3. Disjoint Set Union (Union-Find)
The Union-Find algorithm is used to keep track of elements partitioned into disjoint sets and is particularly efficient for dynamic connectivity problems.
Implementation Steps:
- Initialize a parent array where each land cell is its own parent.
- Iterate through the grid, and for each land cell, union it with its adjacent land cells.
- After processing, count the number of unique parents, which represents the number of islands.
Time and Space Complexity:
- Time Complexity: O(M × N × α(M × N)), where α is the inverse Ackermann function.
- Space Complexity: O(M × N) for the parent array.
Common Questions and Answers
Q1: Why is marking visited cells important?
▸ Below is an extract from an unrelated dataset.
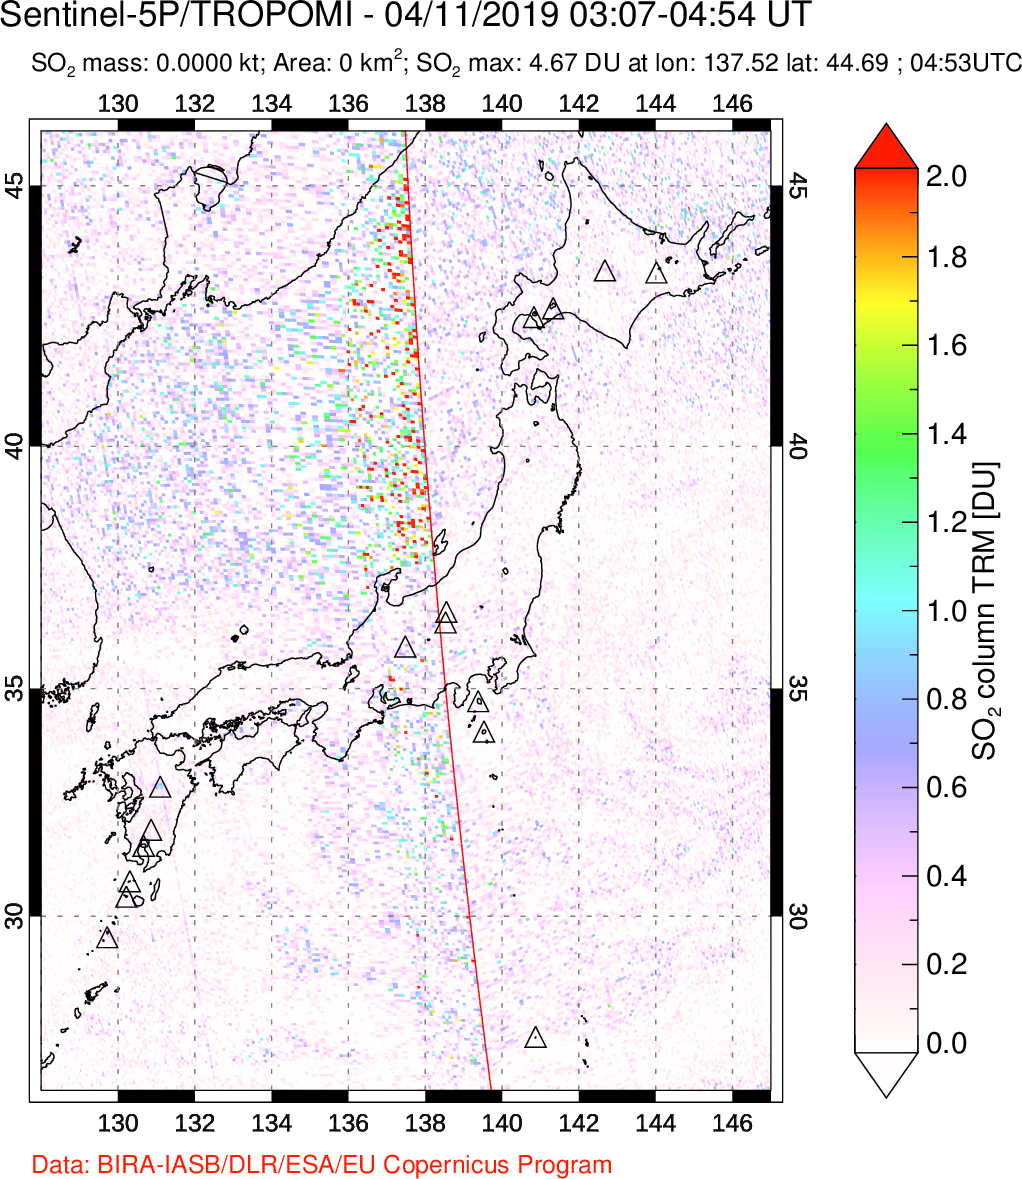 A sulfur dioxide image over Japan on Apr 11, 2019.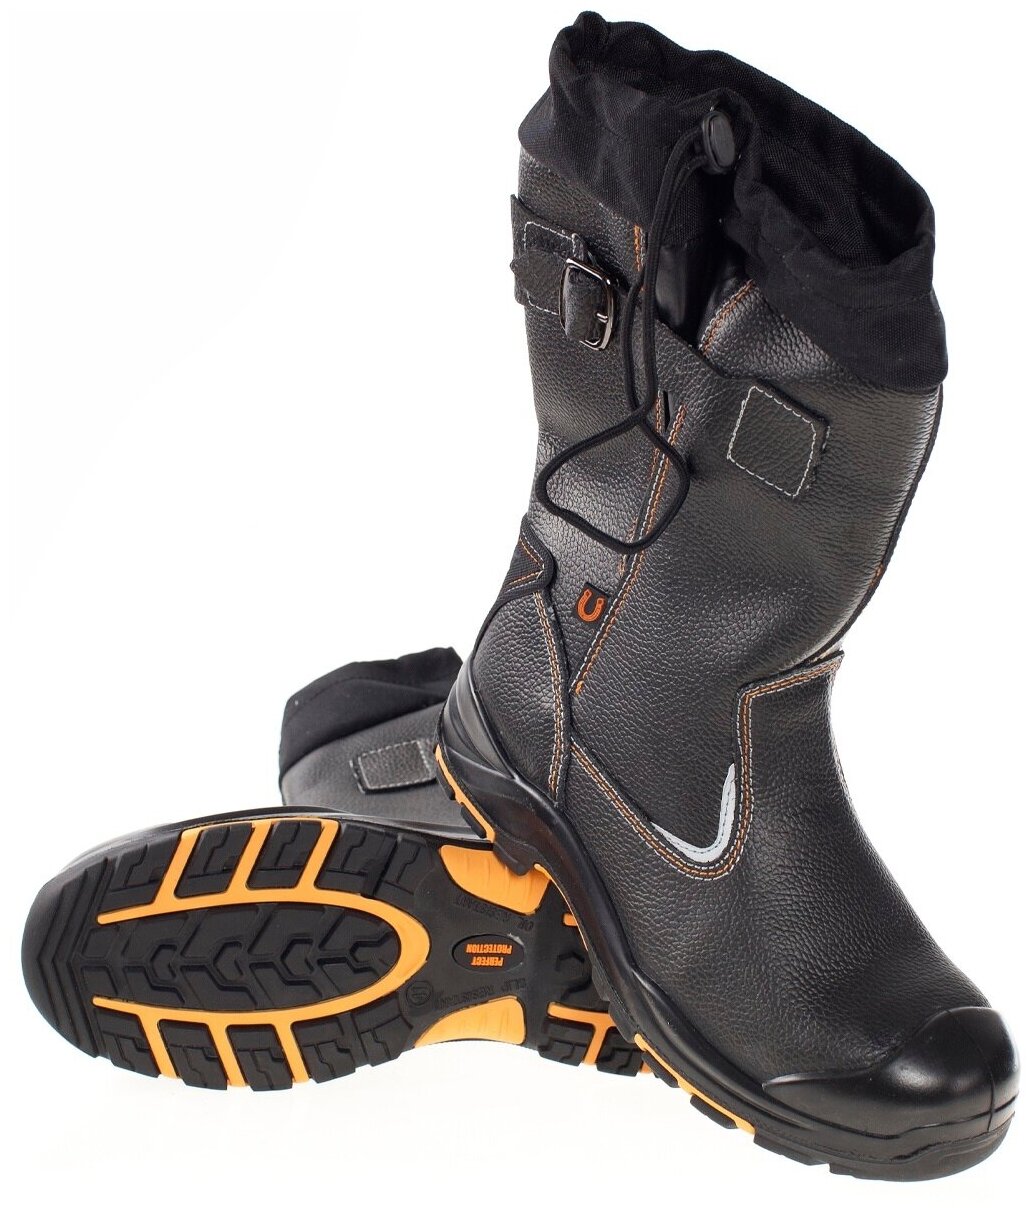 Сапоги PERFECT protection-кевлар подошва ПУ-нитрил. Тип обуви: Сапоги. Размер:44

Marking visited cells prevents revisiting the same land cell, which could lead to overcounting islands and increased time complexity.
Q2: Can diagonal connections be considered in island formation?
In the standard problem definition, only horizontal and vertical connections are considered. Including diagonals would change the definition and the implementation.
Q3: How does Union-Find improve performance over DFS/BFS?
Union-Find is more efficient in scenarios with dynamic connectivity queries, as it provides near-constant time operations for union and find, making it suitable for large-scale problems.
Conclusion
The Number of Islands problem is a fundamental exercise in understanding graph traversal, connected components, and various search algorithms. By exploring different approaches like DFS, BFS, and Union-Find, one can gain a deeper insight into algorithm optimization and efficient problem-solving techniques.